全日空(以下、ANA)の新トレーニングセンター「ANA Blue Base」の運用が開始された。はたしてどんな施設なのか? 漫画家・コラムニストの辛酸なめ子がレポートする。

【写真を見る】最新鋭のフライトシミュレーターも!

2020年6月には一般公開もスタート予定

ふだん見ることができない全日空の総合訓練施設「ANA Blue Base」の内覧会がおこなわれました。

安全性を高めるための訓練をおこなう施設に、コワーキングスペースなども設けられている広大な空間で、建物面積6万500平米。ここからイノベーションが創出されていくとのことです。2020年6月の全面運用に向けて施設をさらに充実させ、一般公開される計画があるそうで楽しみです。

建物の平面図を見ると飛行機のような縦長だったり、床に滑走路のような模様があったりと、ところどころ飛行機の高揚感が高まる演出が。内覧会では「整備訓練」「茶室訓練」「フライトシミュレーター」の3カ所を見学できました。
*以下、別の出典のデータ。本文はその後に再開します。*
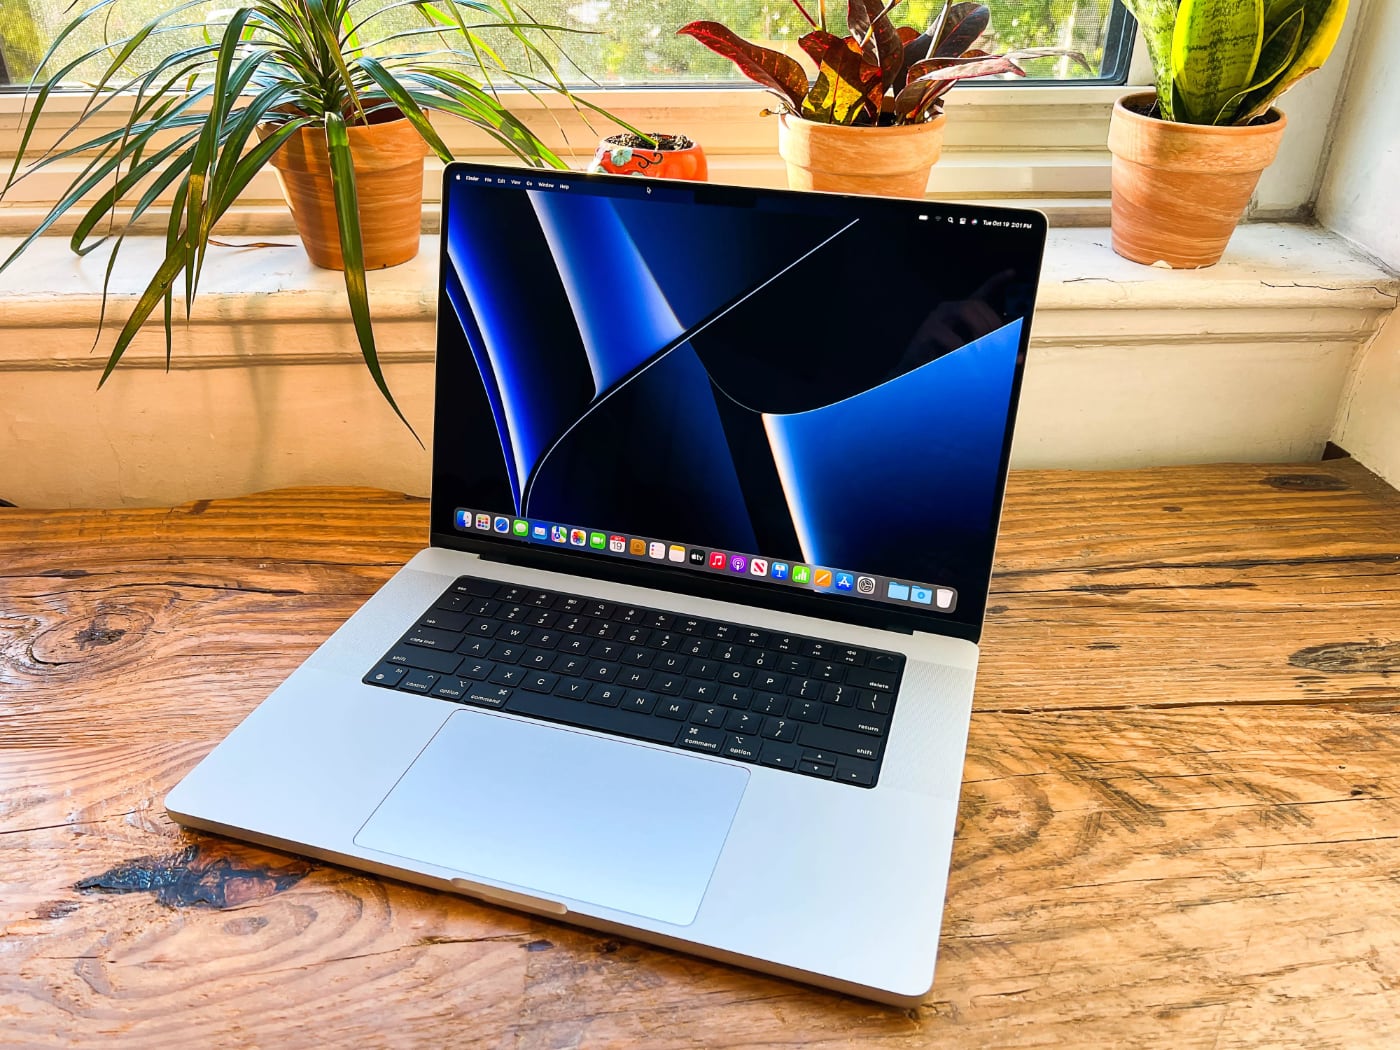 Apple macbook pro 15 inch review cnet best buy mobile alabama

まずは「整備訓練」から。飛行機のエンジンと主脚が置かれている広いスペースで、新人整備士が基礎訓練を受けている様子を見学。

エンジン萌えの人にはたまらない複雑な管や配線が巨大なエンジンに取り付けられています。システムを作動させる作動油や潤滑油が流れるチュープなど、素人には何がどの線かまったくわからないですが、整備士の方々はちゃんと把握して着実に作業していているようでした。
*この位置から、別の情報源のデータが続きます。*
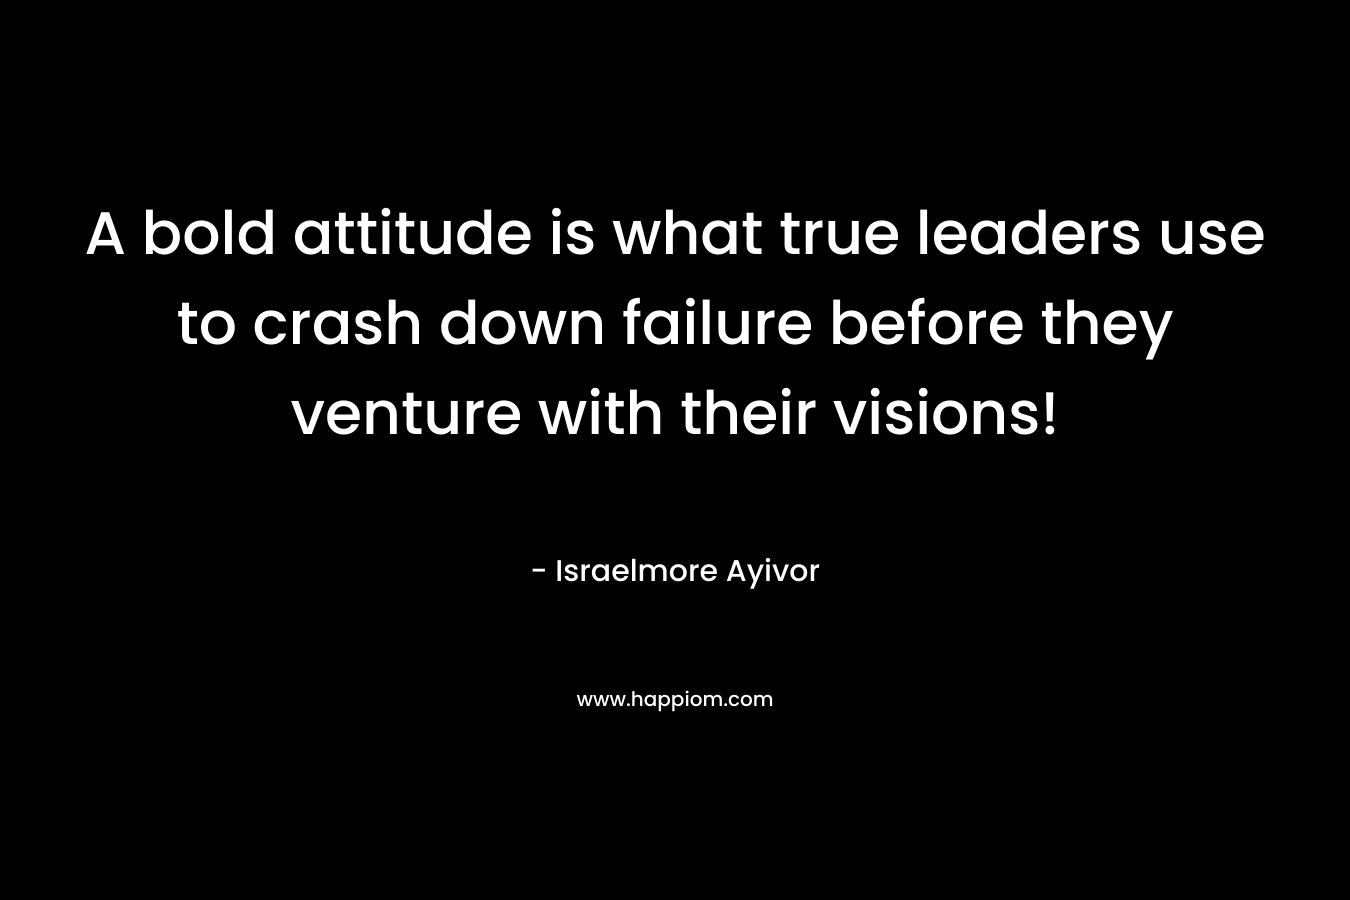 A bold attitude is what true leaders use to crash down failure before they venture with their visions! – Israelmore Ayivor

リーダー的な人が「次やることを考えないと。立っているだけじゃなくて自分のいる意味を探して」と、新人さんに声をかけていました。きっと現場では時間との戦いなのでしょう。緊迫感が伝わってきます。

茶道を訓練に導入!

別の緊張感が漂っていたのが「茶室訓練」です。まず「茶室訓練」という単語が字面的にも新鮮で、茶室からの脱出ゲーム的なことをするのかと思ってしまいました。
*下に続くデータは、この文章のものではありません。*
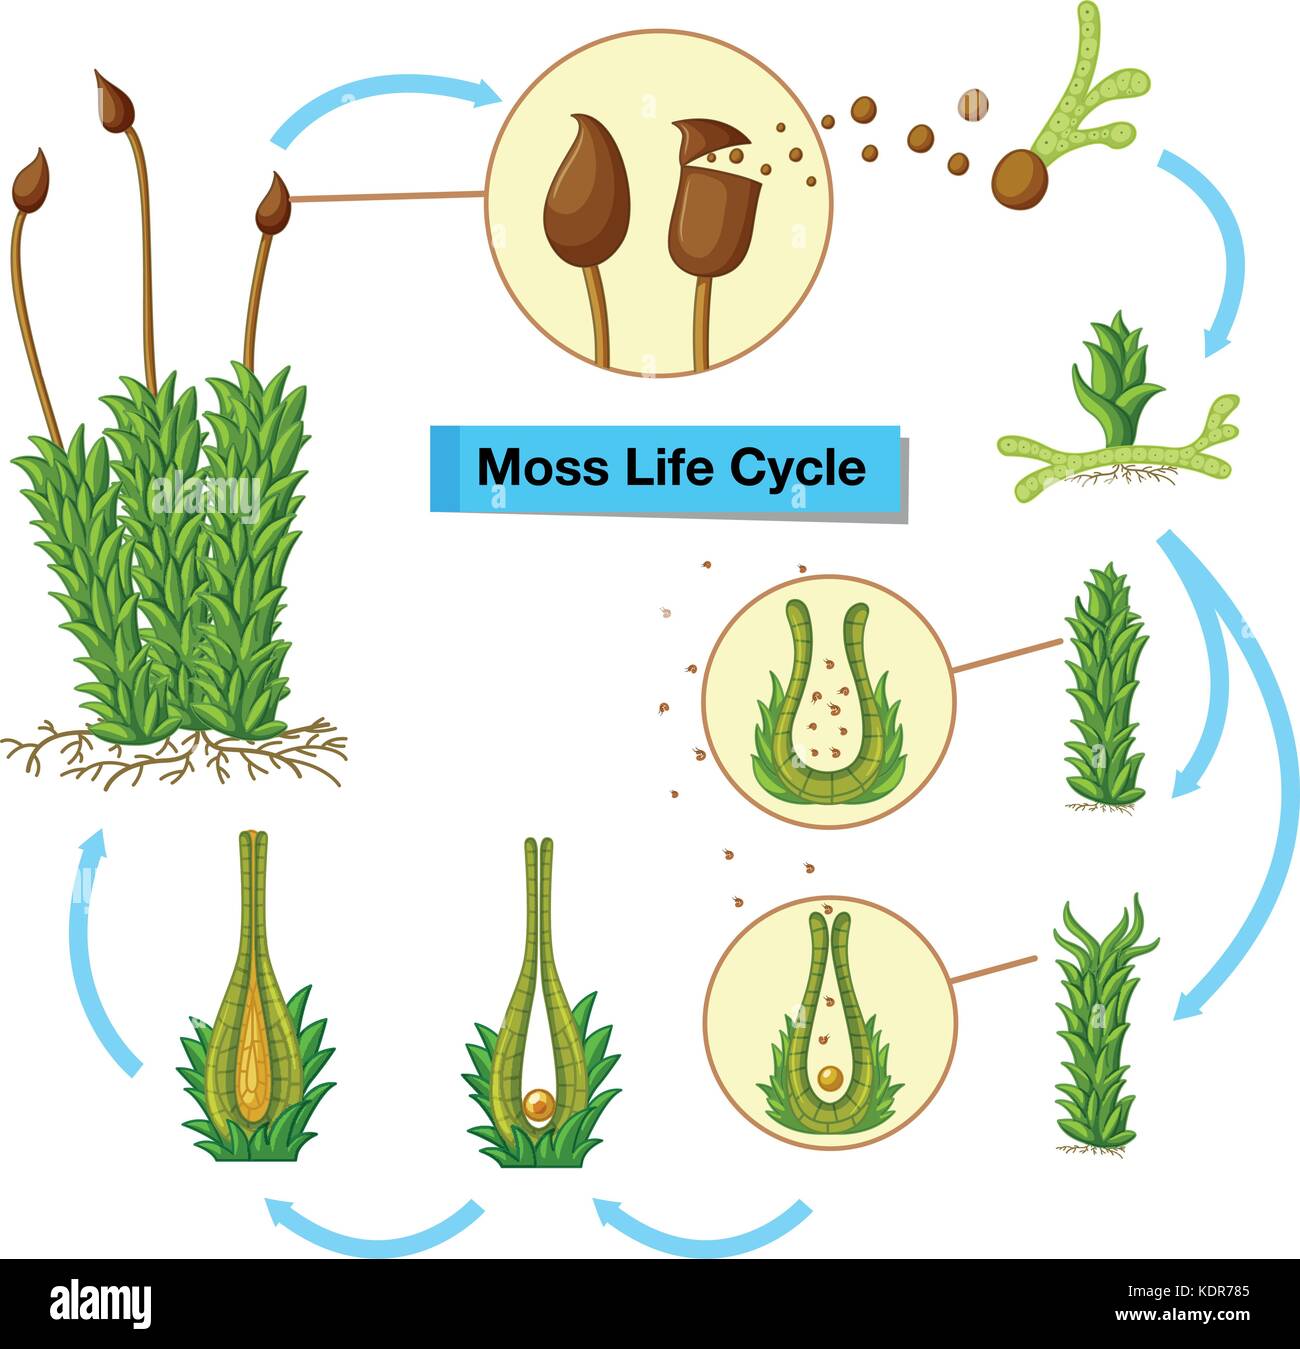 Structure, Characteristics and Life Cycle of Moss Plant

しかしそんなアトラクションではなく、静かにおもてなしの心を学ぶ施設でした。畳の茶室「和協庵」で、お茶の心得がある客室乗務員が“お茶サポーター”として参加し、インストラクターと共にお茶の所作をデモンストレーション。

客室乗務員はふたり1組となって、お互いのことを思って茶器やマットを選び、おもてなしの真髄を学びます。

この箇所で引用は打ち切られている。